Let's say that neurologically they are so immature, that many babies feel pain, but the logical response does not arrive (or takes time to arrive) because the message “pain” in the brain takes time to cause the complaint reaction in the baby.

Why then avoid unnecessary evils?

Well, for a very simple reason: out of respect for the integrity of babies as people. Because even if they forget, they suffer and because they don't remember something, it doesn't give us the right to do with them, who are people, whatever we want. In addition, they may not remember a specific fact (I remember the night of November 12, when you let me cry), but many bad times can do, without being reminded of any of them, that a child grows up with a strange feeling of discomfort ( I don't remember anything, but I know I wouldn't like to go through a childhood again.)

But putting a pair of earrings is not for much, right?

Returning to the issue of earrings, it is certainly not the worst thing in the world that can be done to a girl, but it is to hurt her (and I say my opinion) for a cultural and unnecessary issue. It is to pierce your earlobes simply to adorn them with a bright object.
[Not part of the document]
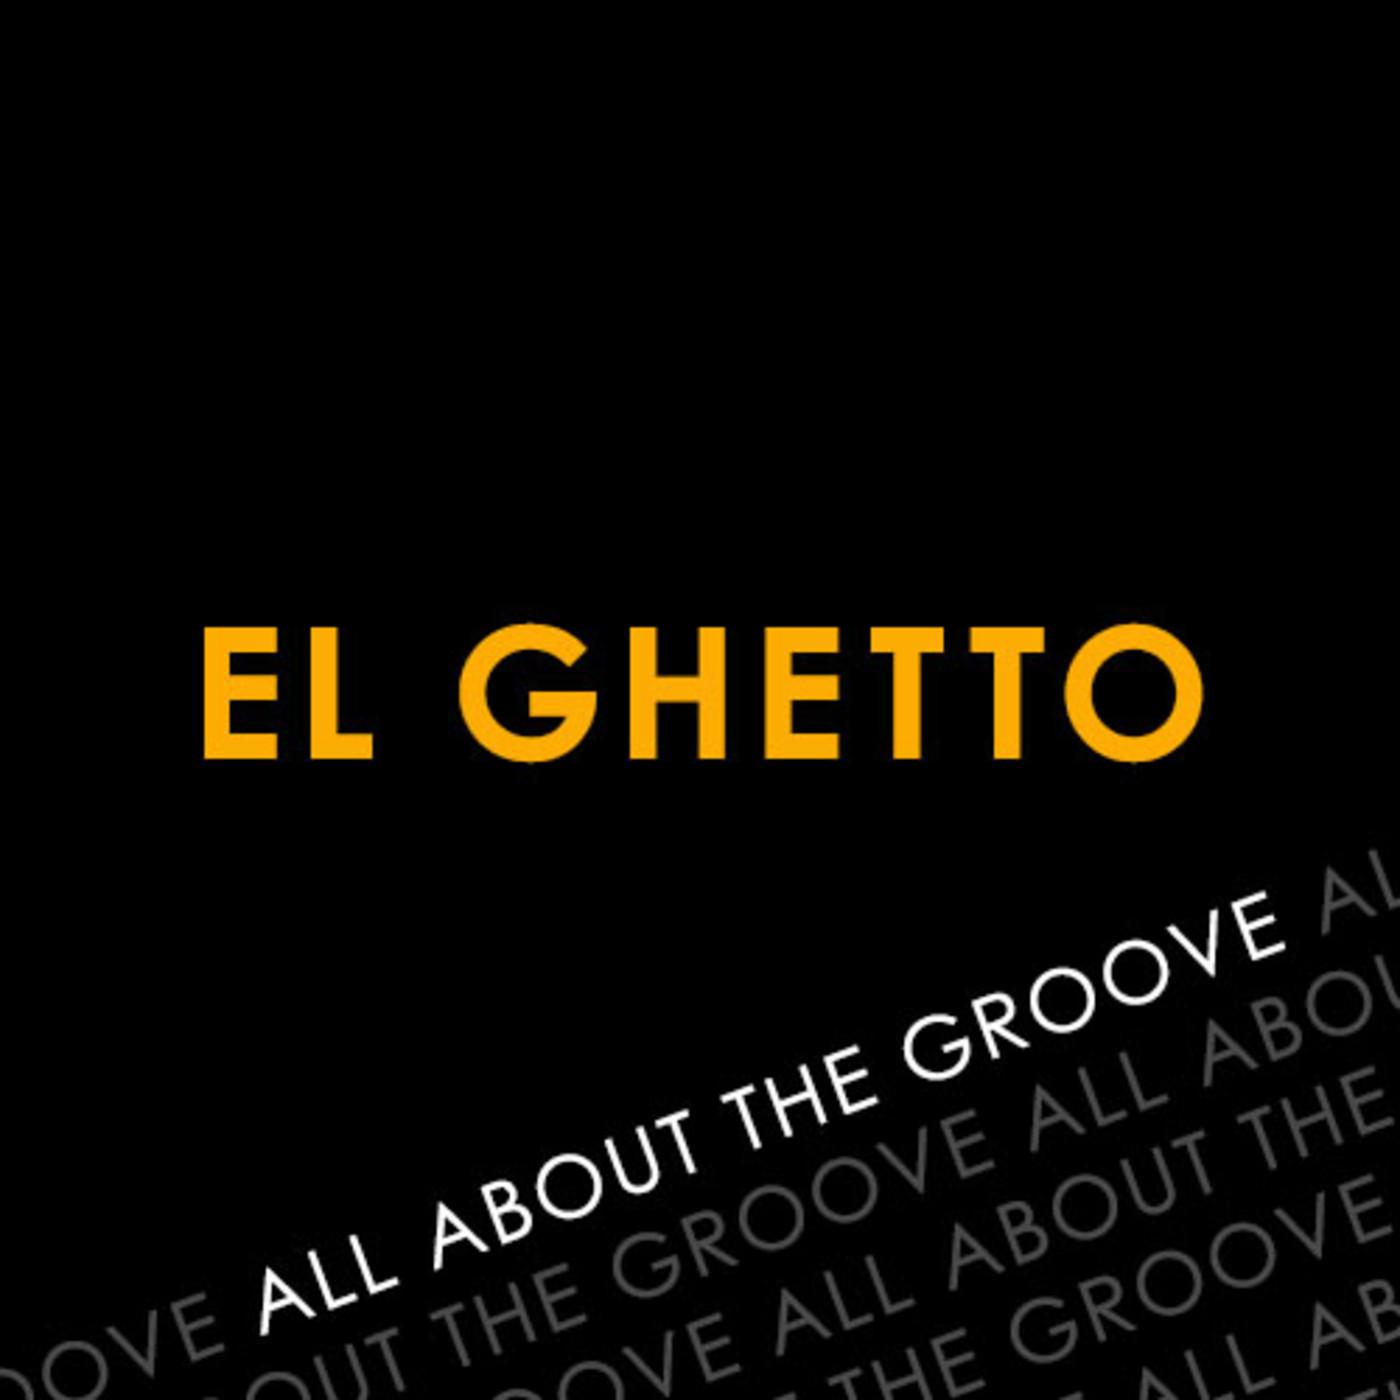 El Ghetto

It is to make a piercing in each ear with few days of life. Because, for example, I like the earring in the nose more than in the ears. What would happen if I had a daughter and had a nose piercing with 3 days of life?
 
What's more, it is now fashionable for boys to also wear earrings. What would happen if my next child made an earring on each ear to make it fashionable? Well, I tell you, if I put a piercing on a daughter of mine in the nose they would tell me everything but pretty, that poor girl, that where I'm going, that I have gone out of style, that she will be hooked with anything, that that hole will always be noticed, that ... and if it is a child and I make it pending, they will tell me that how silly to spend the money to put them on to a child, that it is unnecessary, that if he wants to get older, he will look like little girl.
 
Well, as a girl differs from a boy in many more things than in the earrings (I don't think I need to make a list, right?), It seems to me just as unnecessary to make a boy outstanding than a girl so I understand that there are those who want to follow a tradition that involves hurting babies to put shiny little things on their ears, but I would never. If anything, when she grew up, let her do it whenever she wanted.

Video: MAGNETIC EARRING PRANK ON MY MOM GONE VIOLENT (May 2024).